Last week I visited Worimi Country and worked with my research partner and a group of twenty five pre-school aged children and their educators. As an intergenerational, diverse learning community we committed time to explore our knowing and worlding of the oyster. Together, we developed understandings of the importance of the Baludarri. We played with the shells and storied them as valued and valuable. We sang songs about them and observed them in tanks. We questioned. We pondered. We were curious. We entered an imaginative space of fire and midden.
Laura Parker set up a small tank with some precious oysters within. She introduced them. She described their role as filter feeders and explained to the children that we may see a change occur in the water soon if we took the time to look and listen and learn. She asked children to feed the oysters with algae and to observe them in the water. The children listened and learned deeply. They discussed, questioned and shared.
I gifted each child a shell and a piece of clay and each child created their own unique oyster art work. The children shared their own stories of how they had come to know the Baludarri, They explored the shells with their hands and their play was slow and structured. The oysters were sacred.

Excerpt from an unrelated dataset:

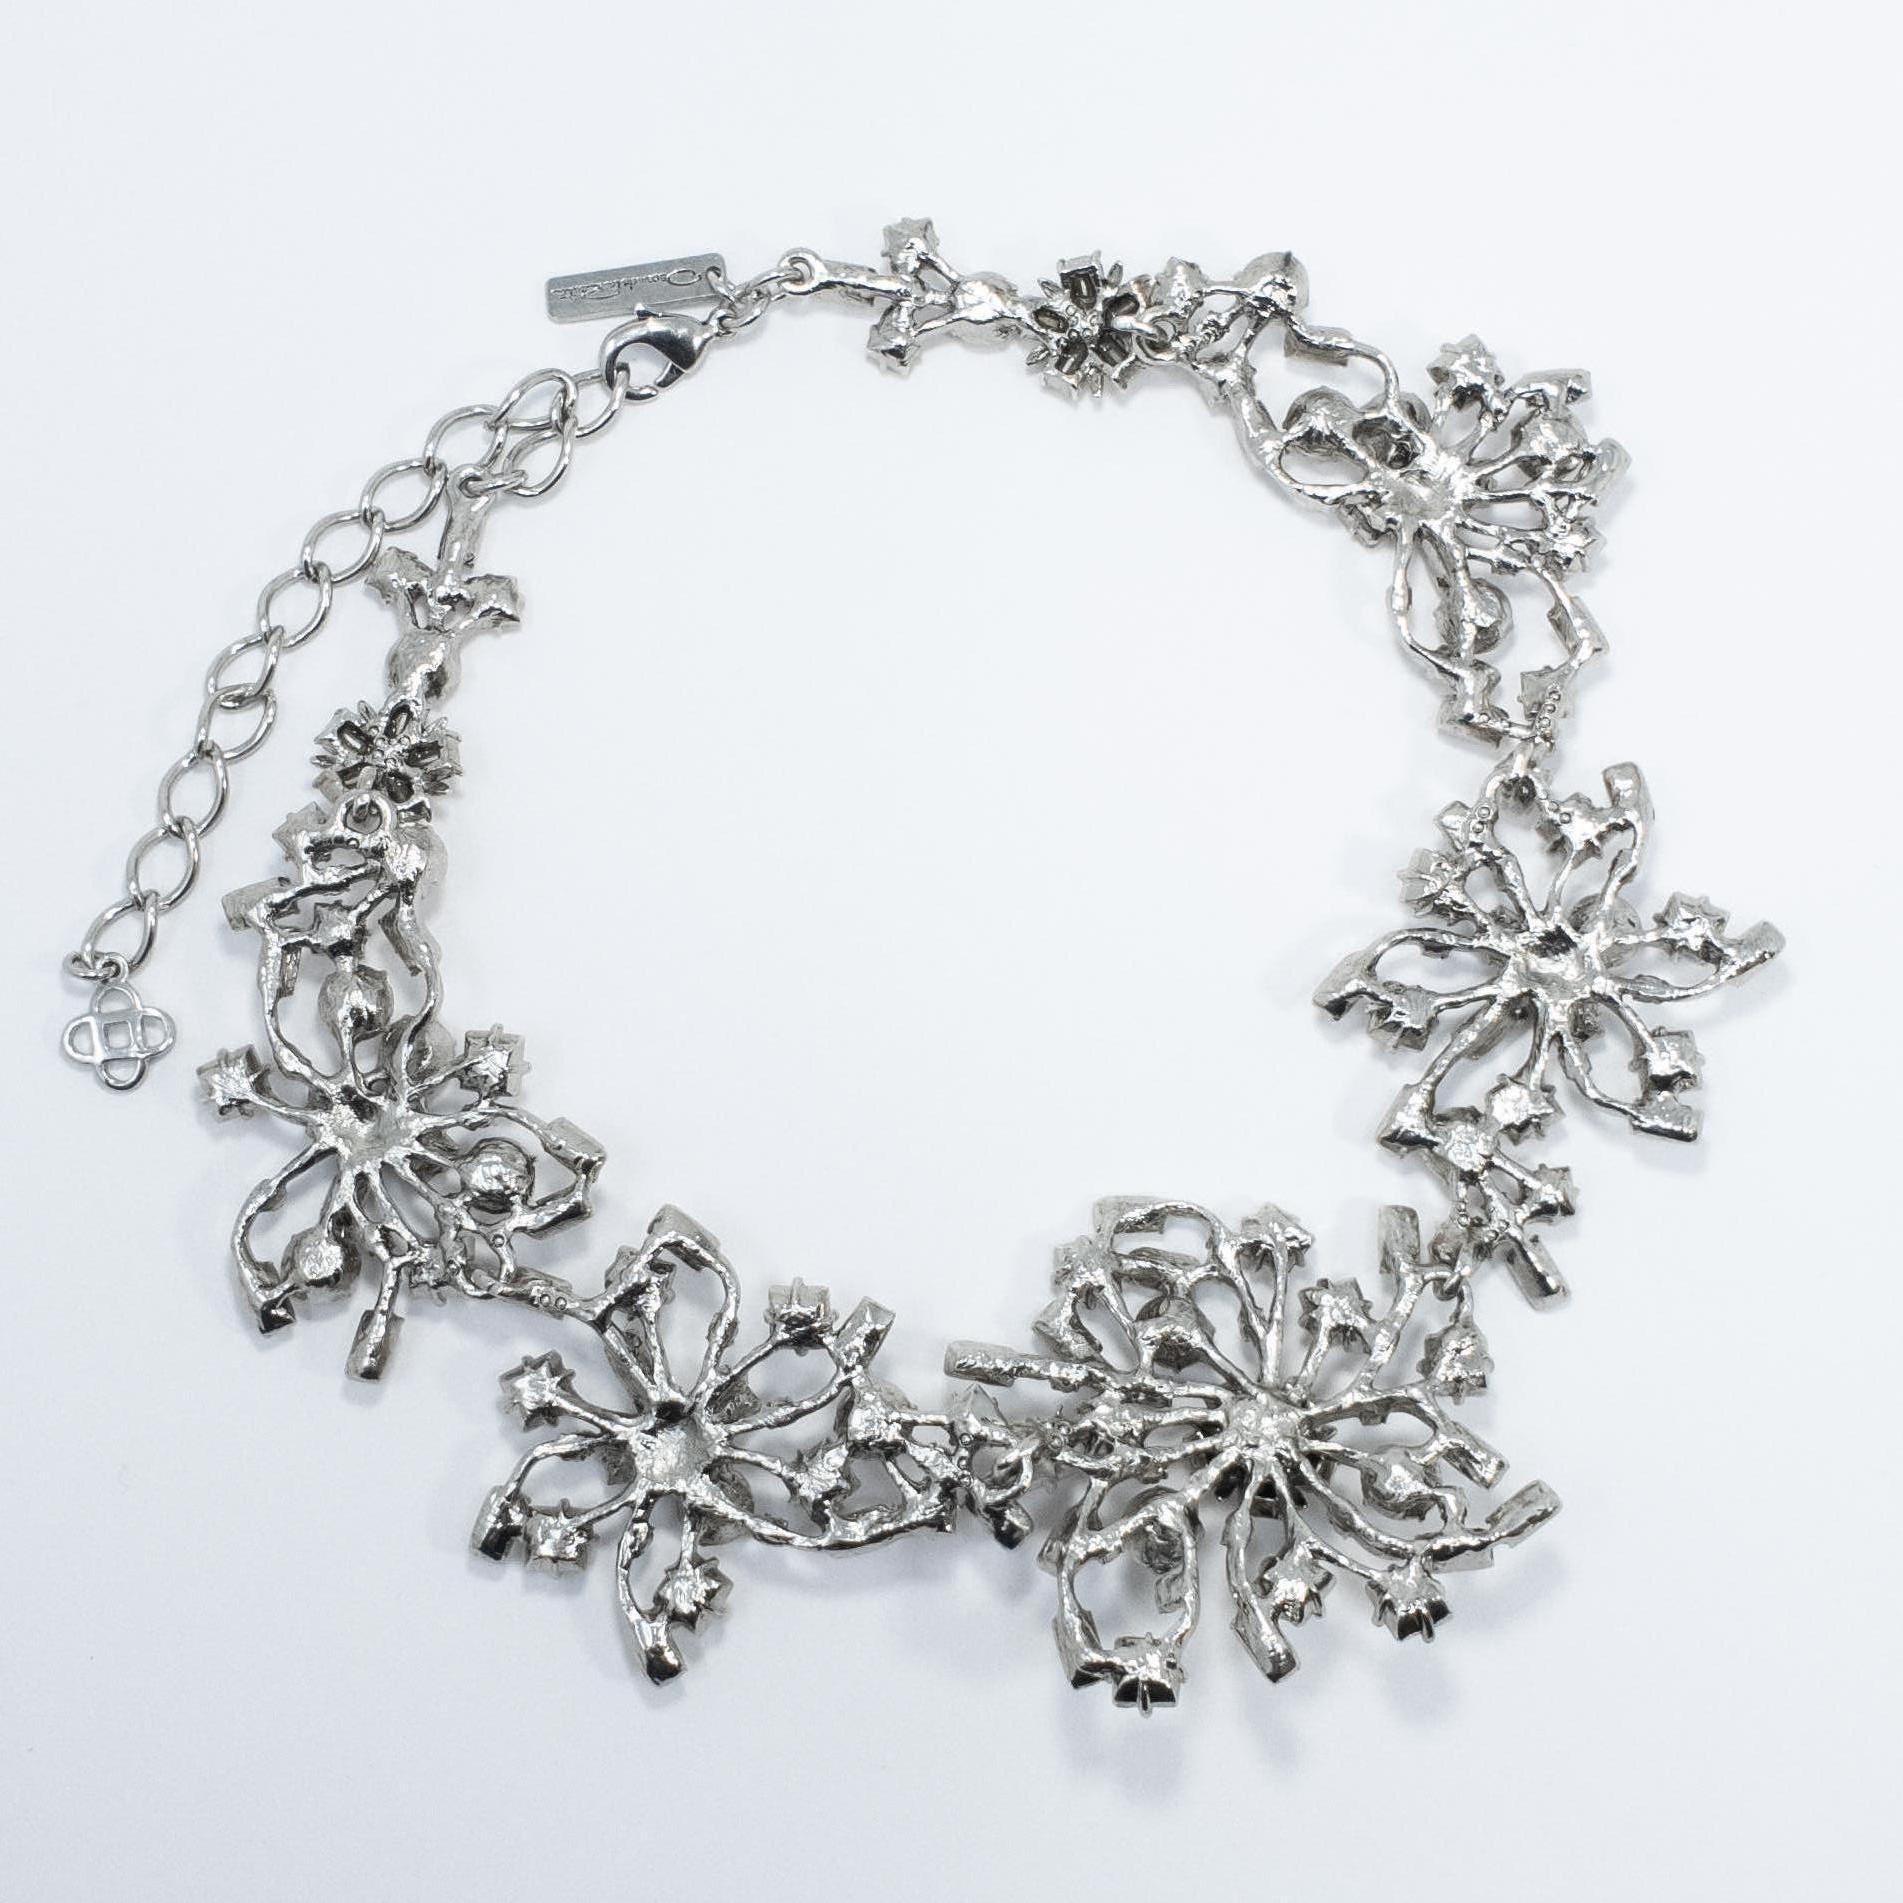 Women's or Men's Oscar de la Renta Contemporary Crystal Flower Link Necklace, Silvertone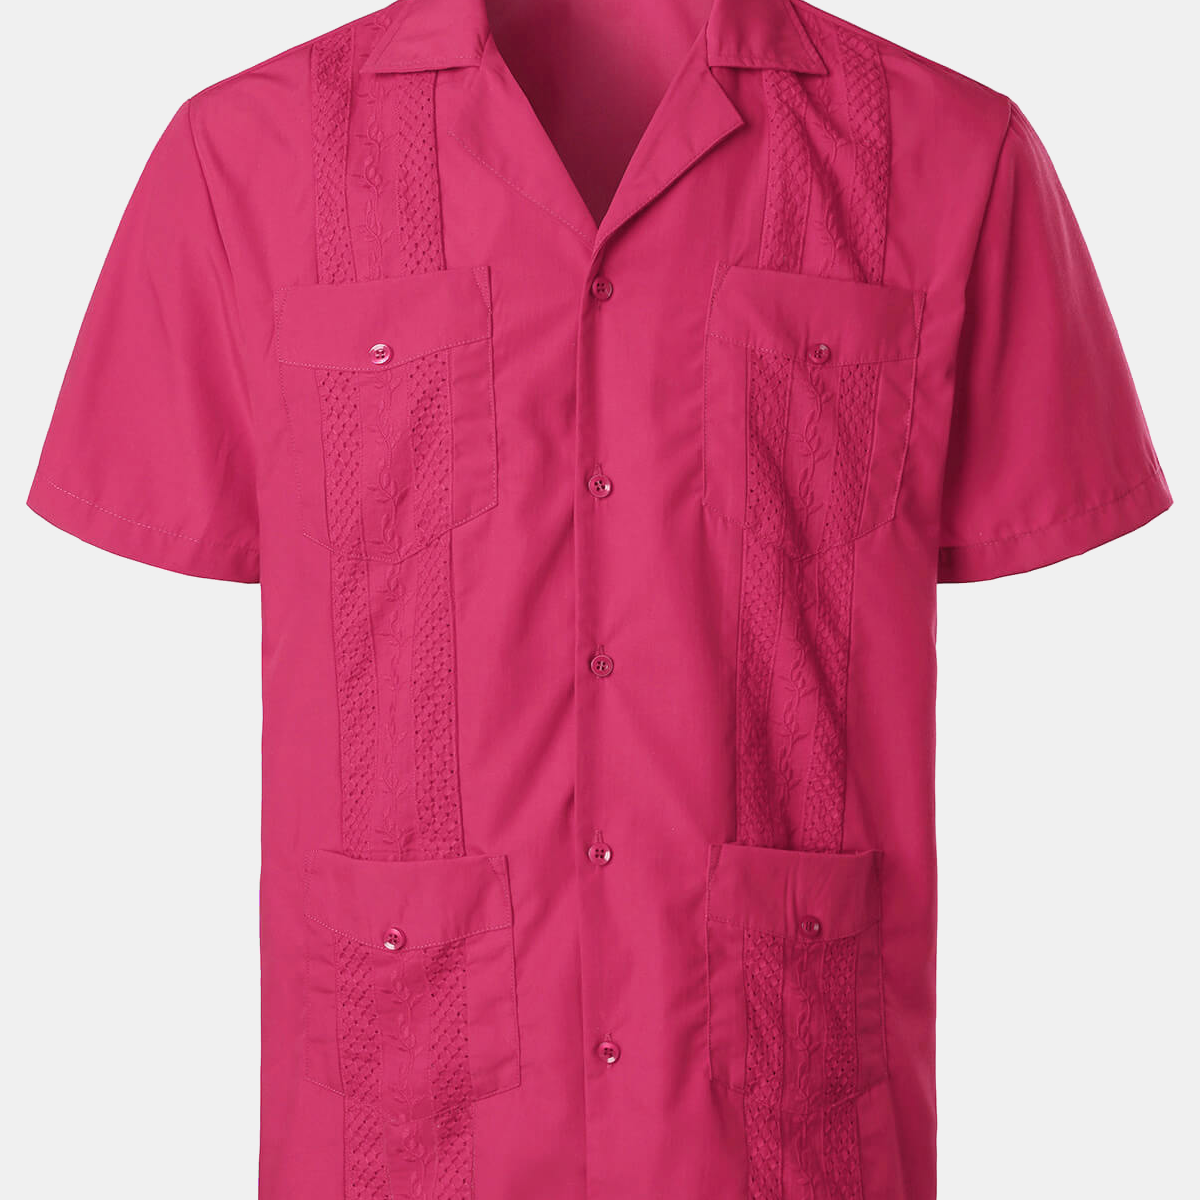 Men's Summer Cool Embroidery Cuban Guayabera Short Sleeve Button Up Beach Shirt

We worked outside in the wintery sun and the children worked with clay and shells to build, create and form. Cooperatively we curated an oyster reef on the rocks of their sand pit. Embedded in their nature based play area, on the large rocks we built our reef. Children gathered. They fossicked, pushed, patterned and placed the shells in different configurations. The unfamiliar became familiar as the oysters joined their play.
The oysters are now part of the ongoing play story of the children of the Bay. Hands will scoop, shells will fill with water. Shells will scoop the sand and be worn. They will tell stories of gathering. They will re-story and create opportunity for nature based ocean dialogues and conversations about Sea Country.
I like to think of the oyster reef that we built that day. How will it respond to rain? How will it change? How will it iterate and re-iterate as children flow through the space? What stories will be told? The oysters provide the tools for thinking, for imagining and reimagining.Deep in the sand will shells be lost? Hidden? Taken?
I know where oysters lie.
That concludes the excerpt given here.